Latest developments point to instability in N Korea

Latest developments point to instability in N Korea

NORTH KOREA - North Korean leader Kim Jong-un's reinforced reign of terror is further increasing uncertainty over the long-term political and economic stability of the reclusive regime, analysts said Sunday.

Continuous purges and executions of officials, political and financial rewards to stalwart followers and a massive national campaign to idolize the dynastic ruler have made Kim's leadership seemingly stable.

But observers questioned the long-term viability of his iron-fisted rule, which could erode public support and stifle voices and creative ideas for reform, openness and better ties with the outside world.

"Kim's leadership is not unstable for now, as he is strengthening discipline among elites and rewarding loyalists by offering them state citations and higher positions, which were left vacant after purges and executions," said Huh Moon-young, a senior fellow at the state-run Korea Institute for National Unification.

"But for the long-term outlook, uncertainty grows. With external relations deadlocked, the economy would continue to deteriorate, which would worsen discontent among regular people, soldiers and middle-level officials."

The recent executions of senior officials including his so-called guardians, such as Kim's once-powerful uncle Jang Song-thaek, have created a climate of fear, which calls for absolute obedience to the dictator.

But these purges could send a message to Kim's loyalists that they could also be removed.

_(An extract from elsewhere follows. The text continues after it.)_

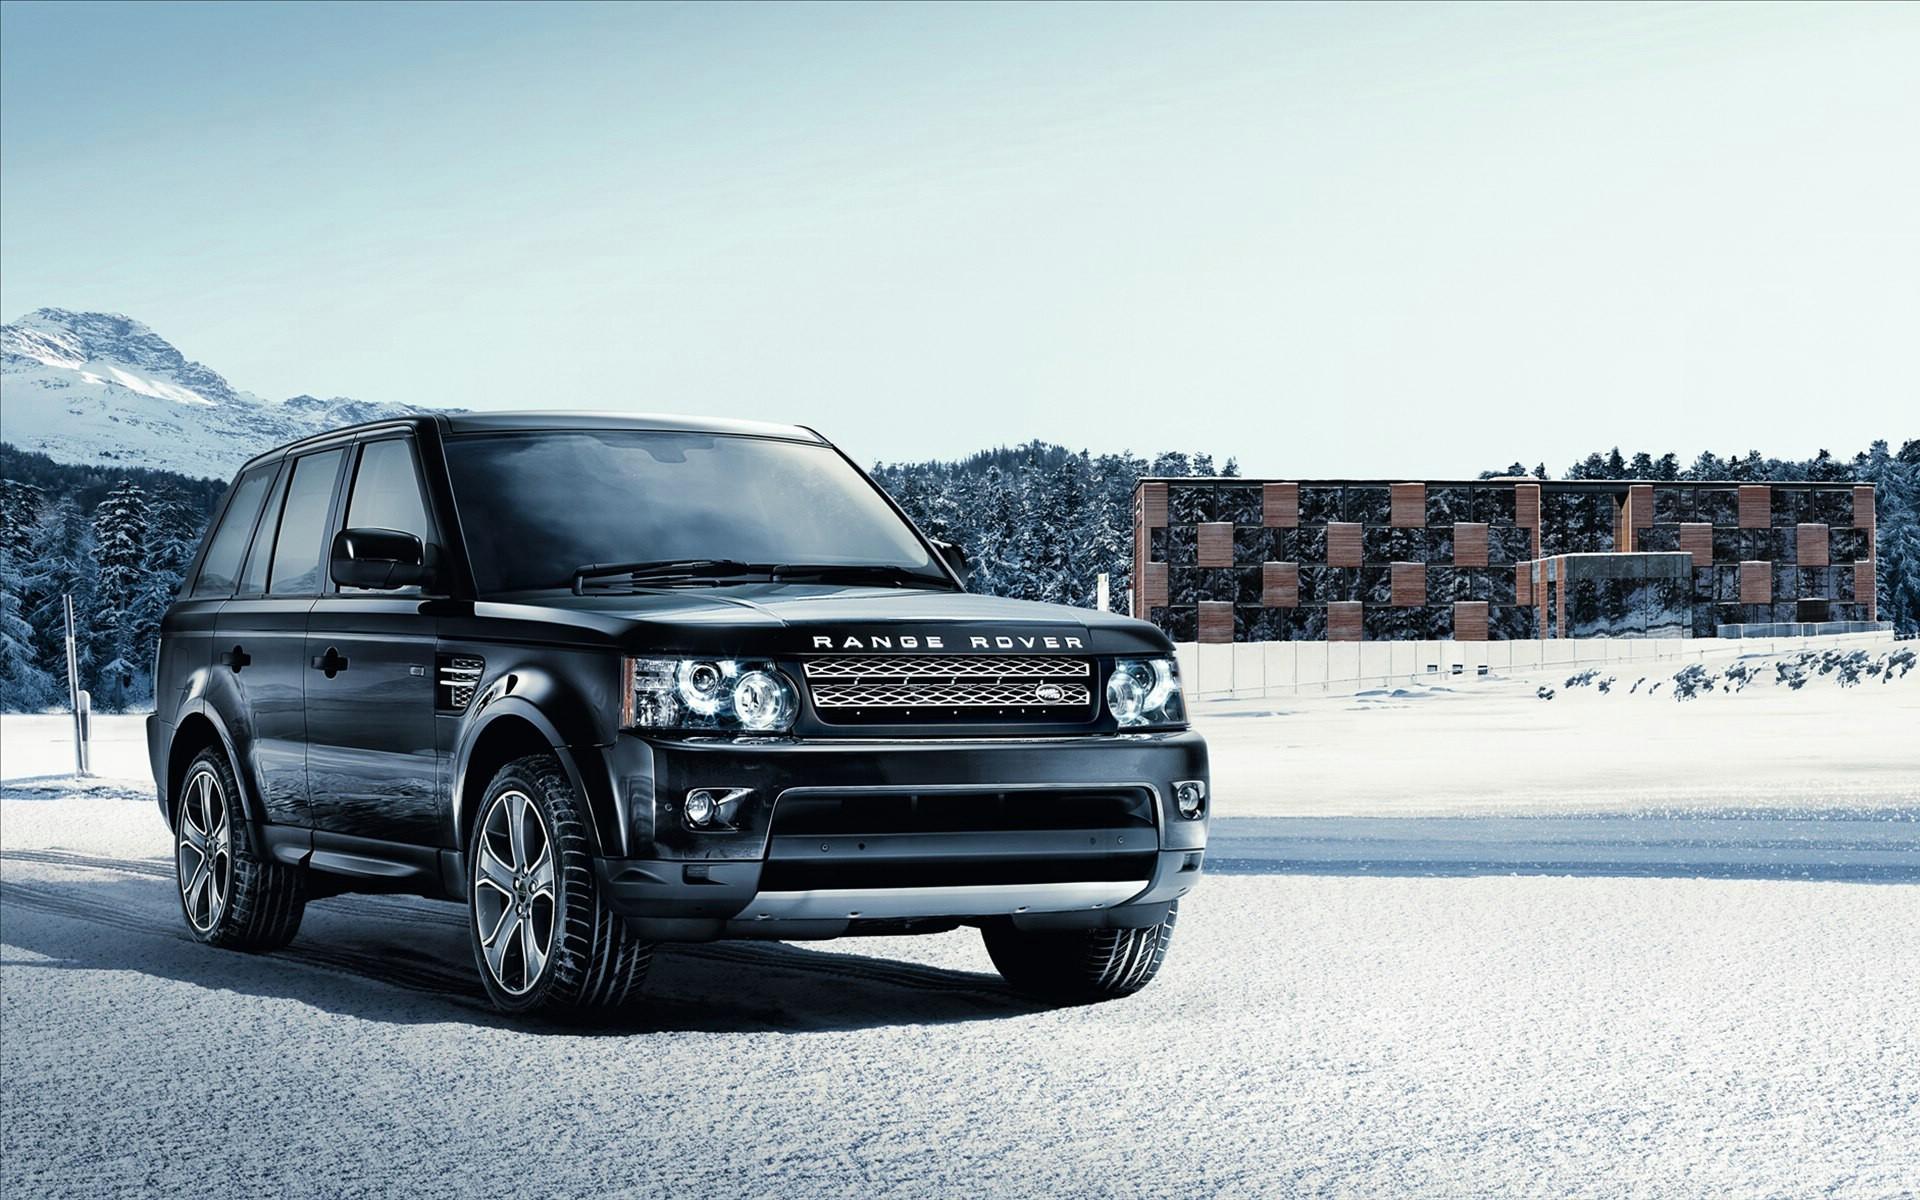 Range Rover Wallpaper ①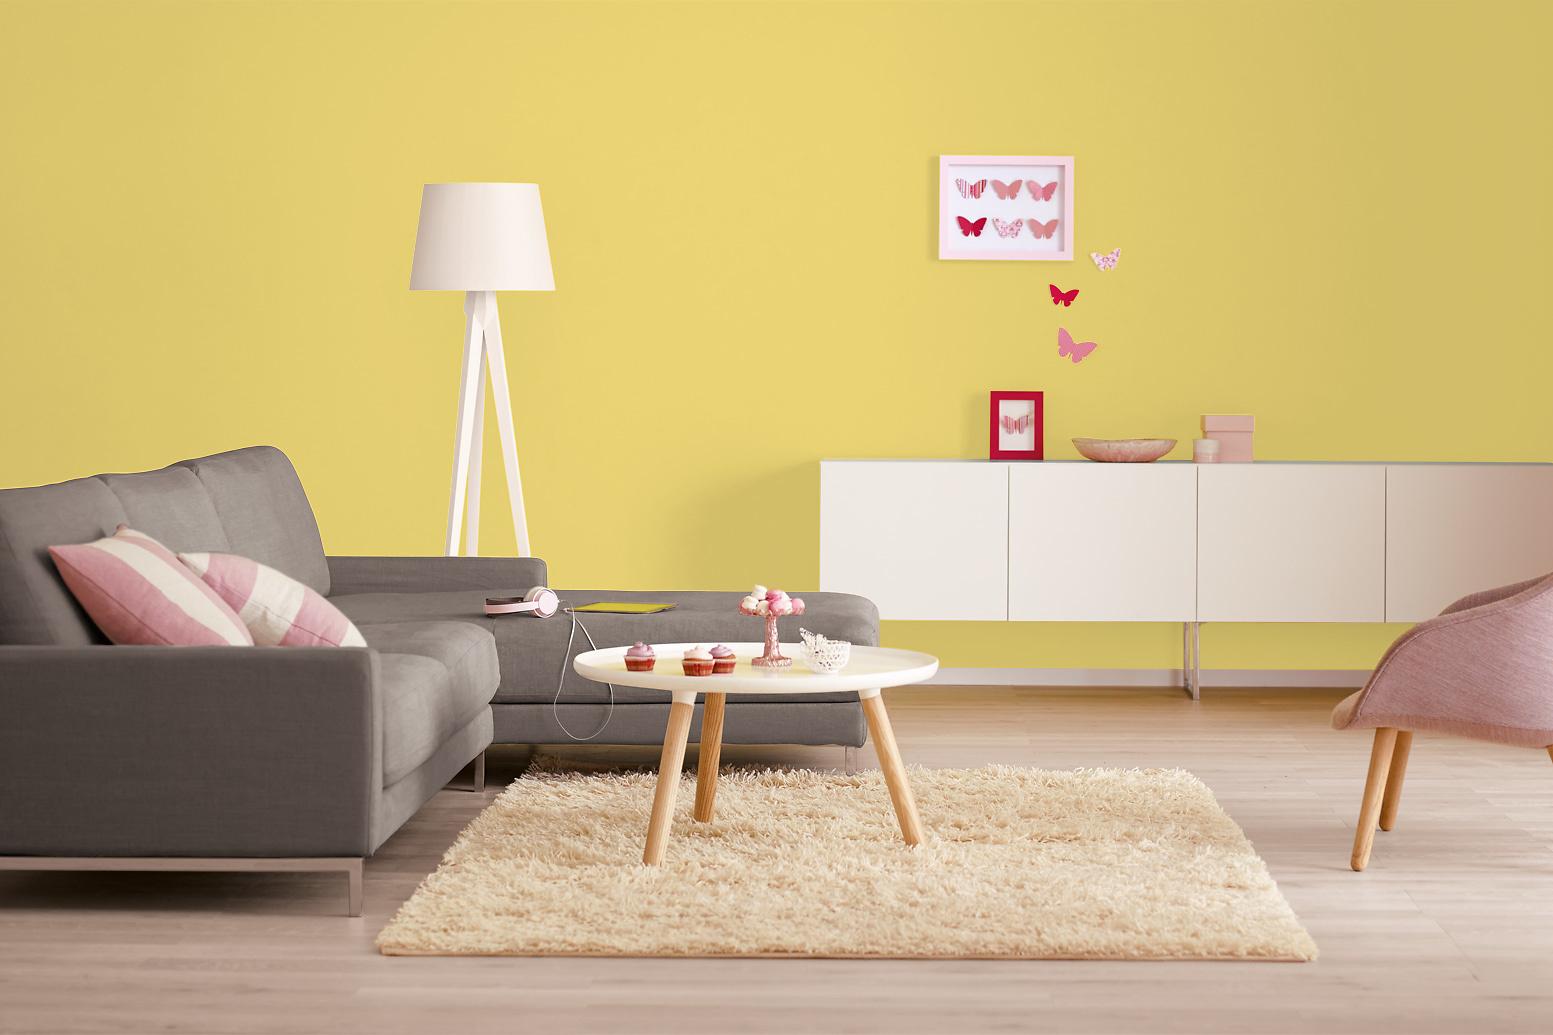 Innenfarbe in gelb sonnengelb streichen alpina - Farben gestalten wande ...

The purges could weaken elites' trust of the ruler, albeit inexplicitly, and destabilize his leadership in the long run, some analysts said.

Among the seven promising officials who escorted the hearse carrying the body of former leader Kim Jong-il during his funeral in December 2011, only Kim Ki-nam, a secretary of the ruling Workers' Party, and Choe Tae-bok, the chairman of the Supreme People's Assembly, remain in power.